What a lovely day here at Port Swiller Manor!  After many weeks of lingering Winter, my porch thermometer reports we made it all the way up to 85 degrees this afternoon.  I opened all the windows in the Manor to air out the accumulated fug of the last six months, and we had dinner out on the porch this evening for the first time this season.  Lovely.  Lovely.

There’s a dark side to all this, of course.

Early this afternoon, a large rig from Home Despot pulled up on the street in front of the house (much to the extreme annoyance of other drivers who had to get round it as best they could), there to drop on our driveway 216 bags of mulch.  Something over half of them are designated for a large, shady patch under the maples at the back of our yard, under which nothing (except onion grass) actually grows.
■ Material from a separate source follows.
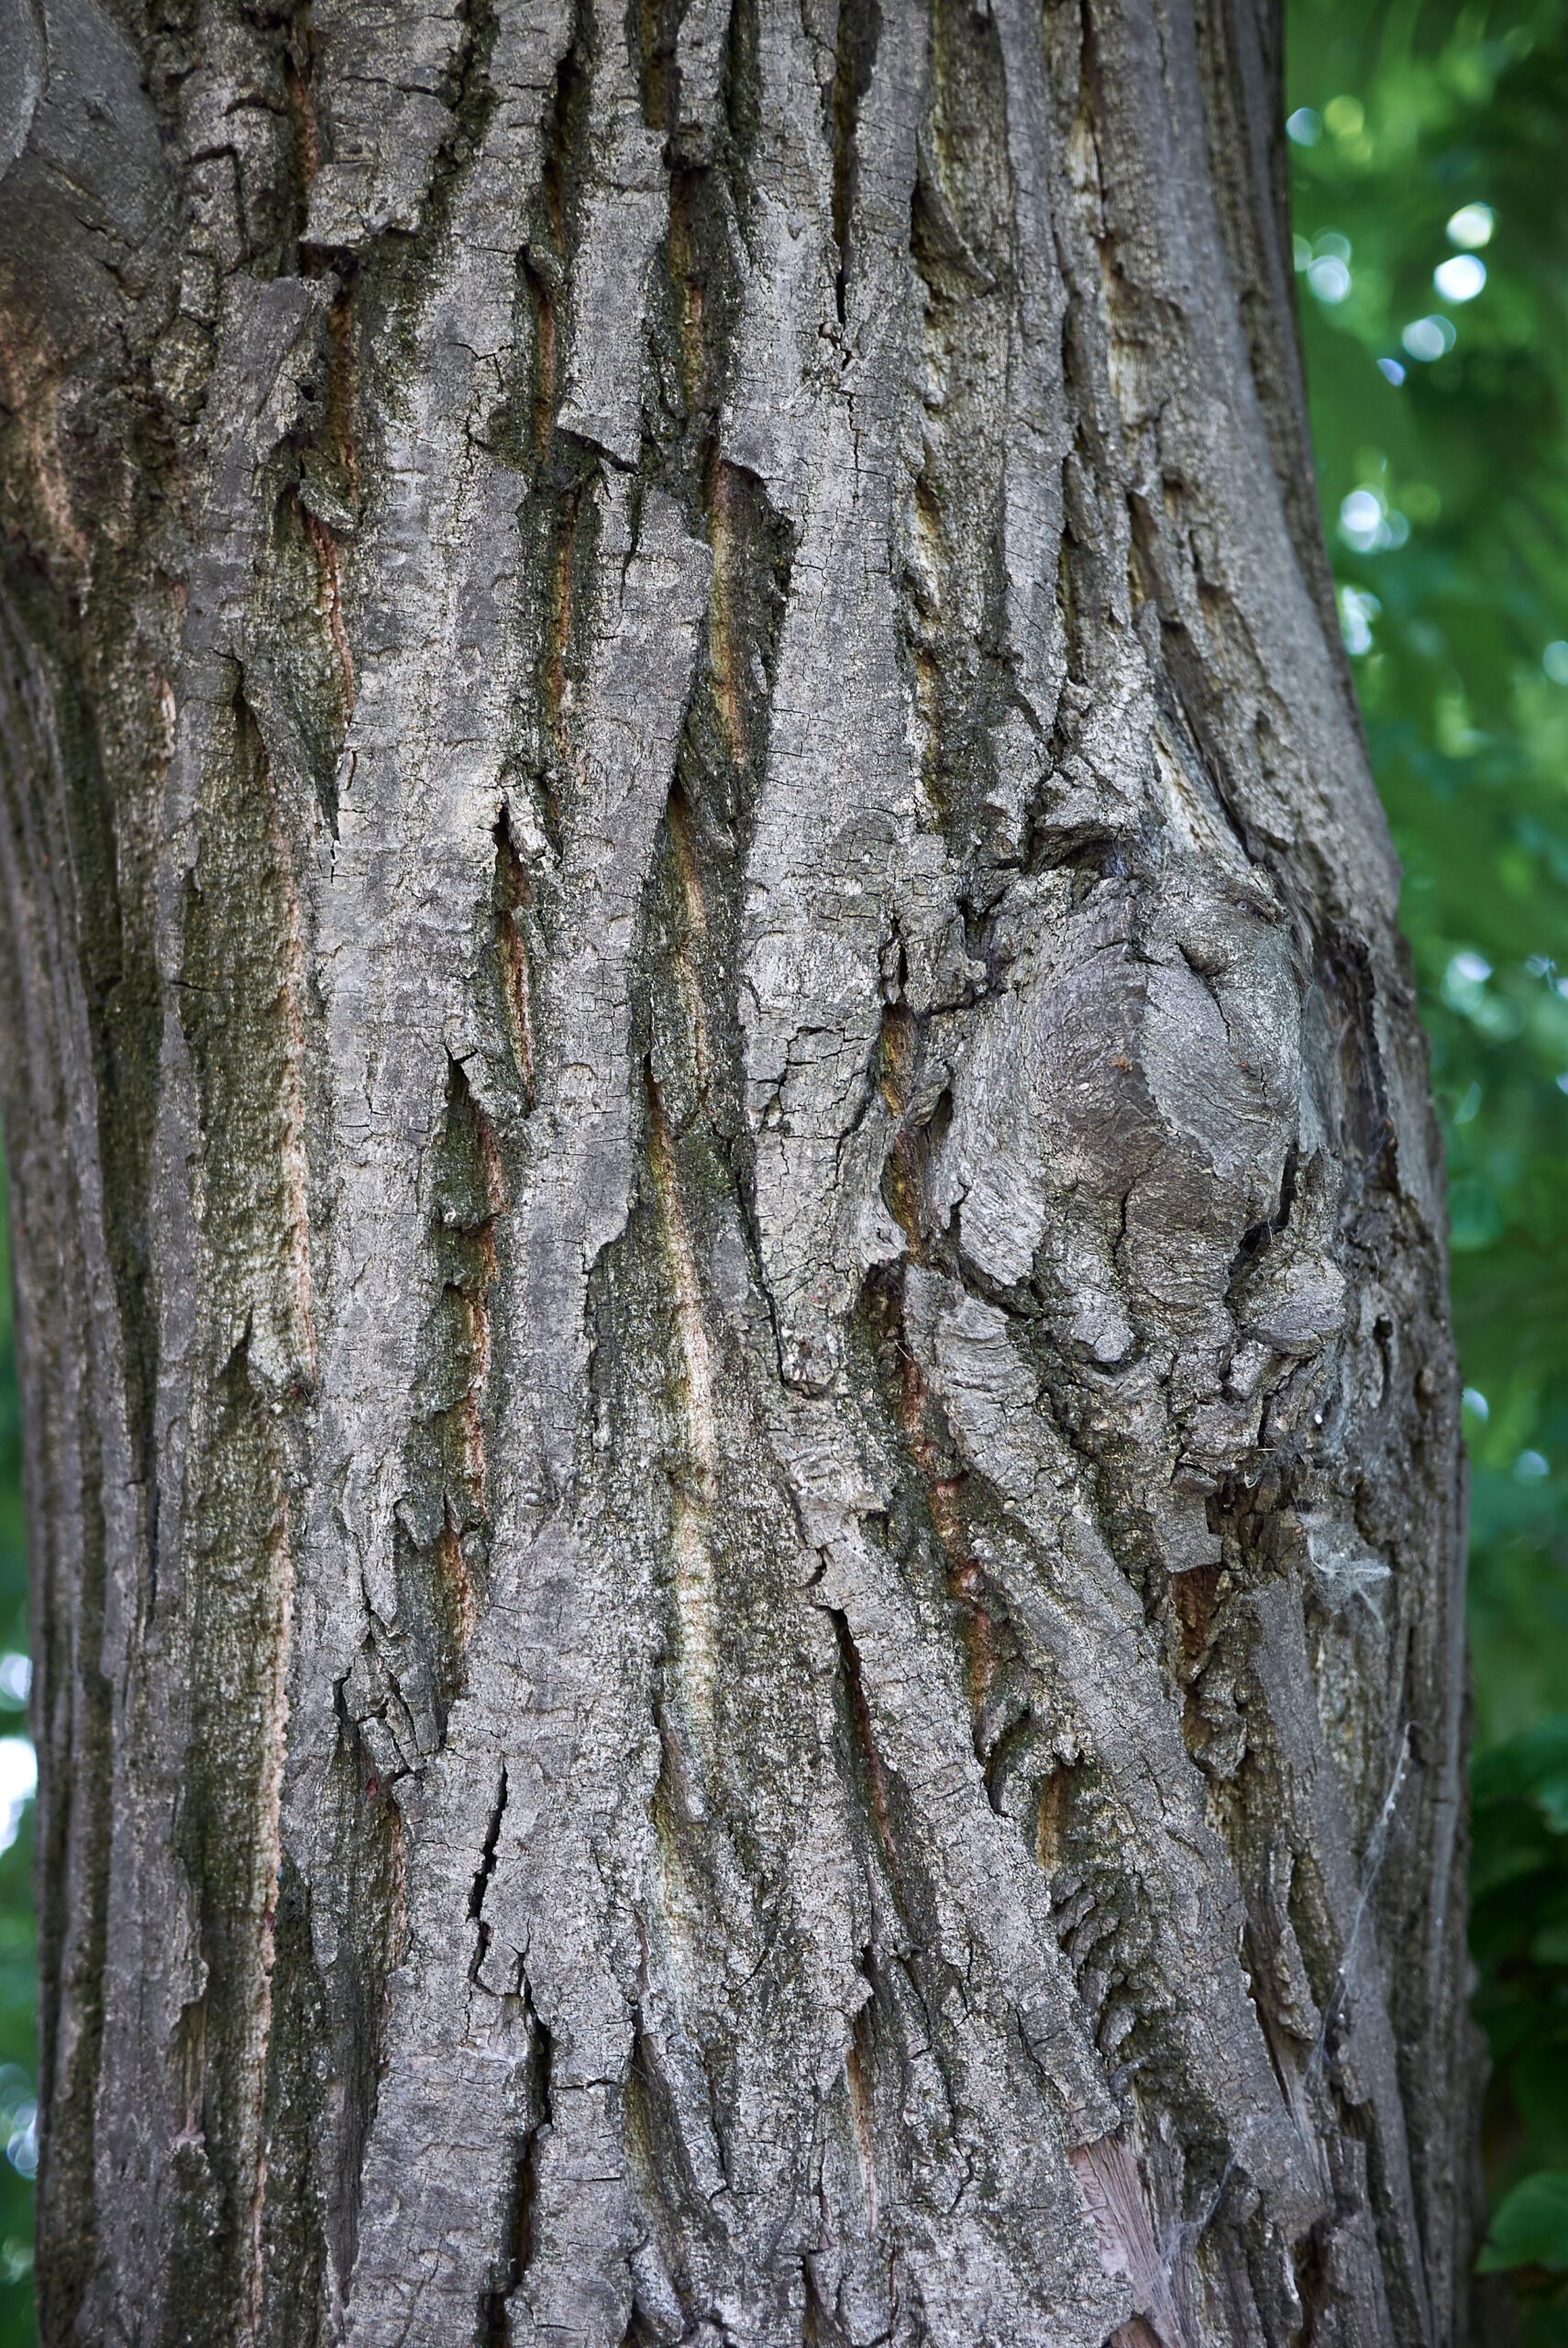 Pterocarys tree bark

Ol’ Robbo doesn’t happen to possess a wheelbarrow at the moment, nor could he expect any help from his women-folk (who all go remarkably delicate when there’s heavy lifting to do), so his only real choice was to hoist each individual bag on to one or the other of his shoulders and trudge down the hill to dump it on said patch.

“Don’t over-do it, now!” said Mrs. R.

“I won’t,” I replied breezily.

Reader, I over-did it.

This evening, even after a glass or two of (purely-medicinal) vino, Ol’ Robbo is a solid mass of aches and pains (to say nothing of the lungs-full of pollen I inhaled that make me sound like a three-pack-a-day man when I try to speak).  I shudder to think of how I’m going to feel in the morning.
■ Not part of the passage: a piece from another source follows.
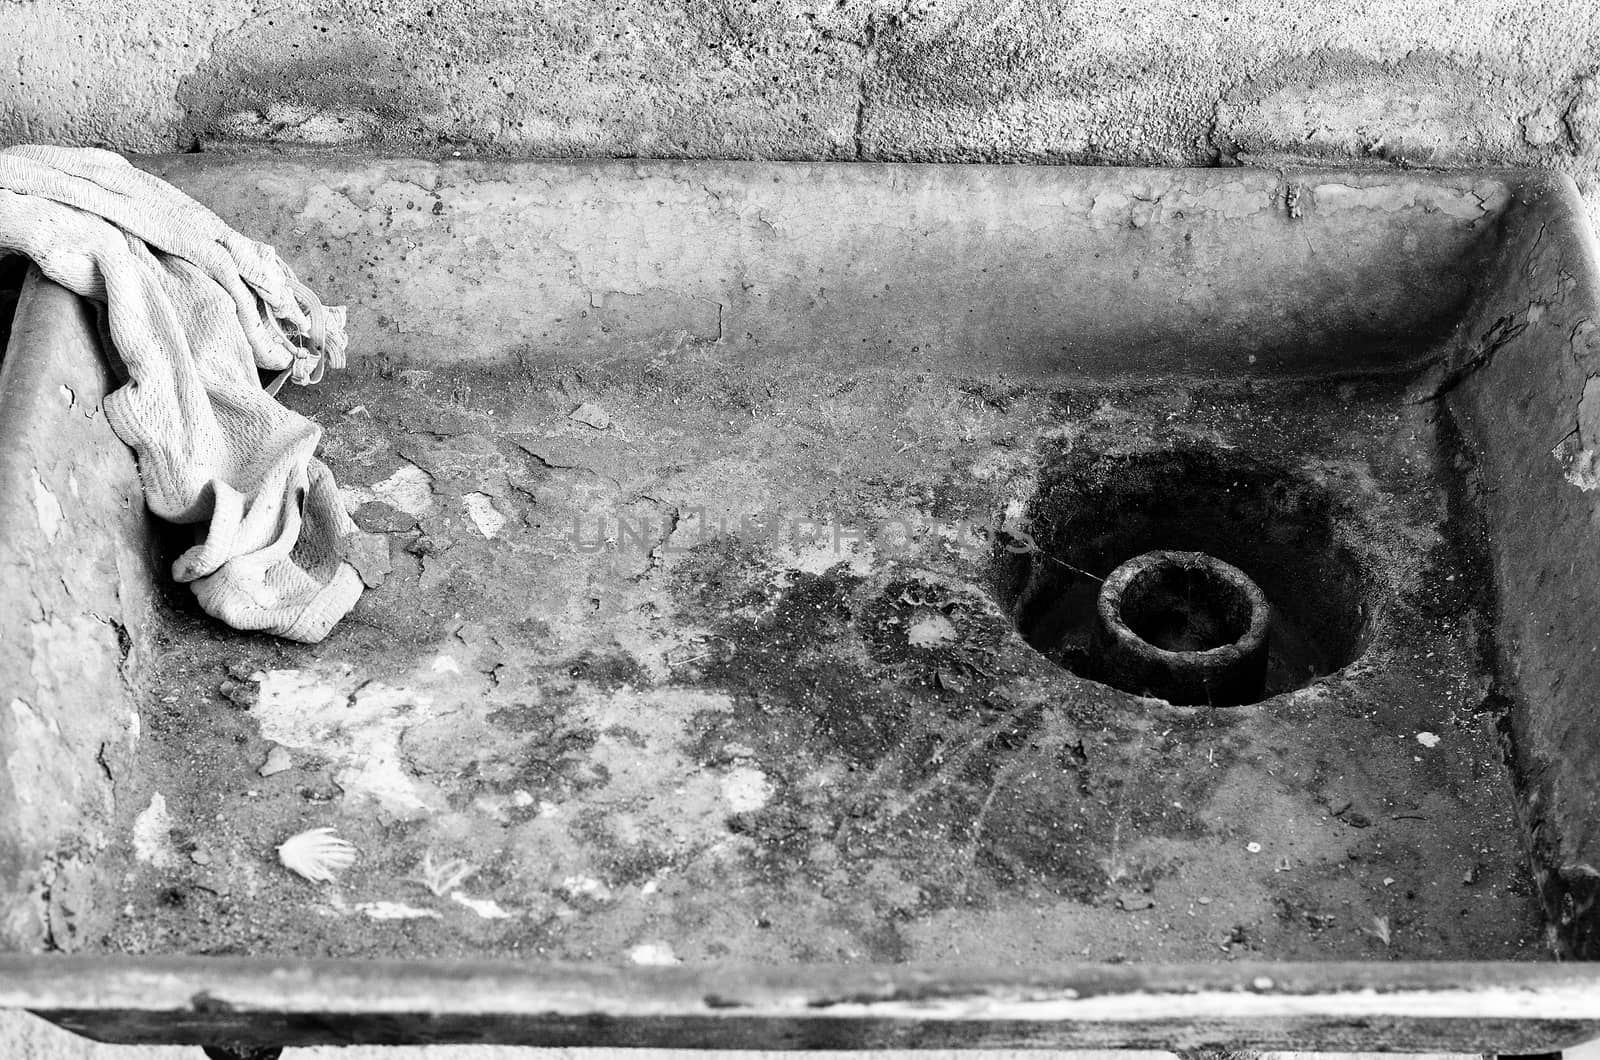 Old dirty metal rusty sink by eenevski

The punch line is that the rest of the bags have to be moved out tomorrow to the holly hedge and maple trees along our frontage.  Mrs. R says she will do that, but I know perfectly well that it’s going to be up to me in the end to deal with most of them.  Why? Because that’s what I do.

If any friends of the decanter are looking for a good stock tip, I’d suggest investing in aspirin futures immediately.

UPDATE: Whelp, Ol’ Robbo got up early this morning and moved all the rest of the bags himself in order to spare Mrs. R the burden of having to do it.  Then I went out back to spread about the bags I had hauled out there yesterday.

By the time I was done, I was a mass of sores and aches even worse than yesterday.  To quote Dr. Smith, “Oh, William! The pain! The pain!”

Ol’ Robbo ain’t 33 any more, I guess.

By the bye, did you know that there’s an industry Mulch and Soil Council? I didn’t until I saw its certificate of approval on the side of all those bags.  According to the blurb, the MSC’s purpose is to make sure you get only the highest-quality mulch in the bags you purchase, free of rusty nails, cat poop, human remains, and other contaminants.  And anybody who suggests that it’s nothing more than another example of a cabal of Big Industry colluding with Big Government to keep out – via extremely expensive regulation – any upstart competition can shut their whore mouths.

(That last part isn’t actually printed on the bags.  It’s just Ol’ Robbo’s hunch.)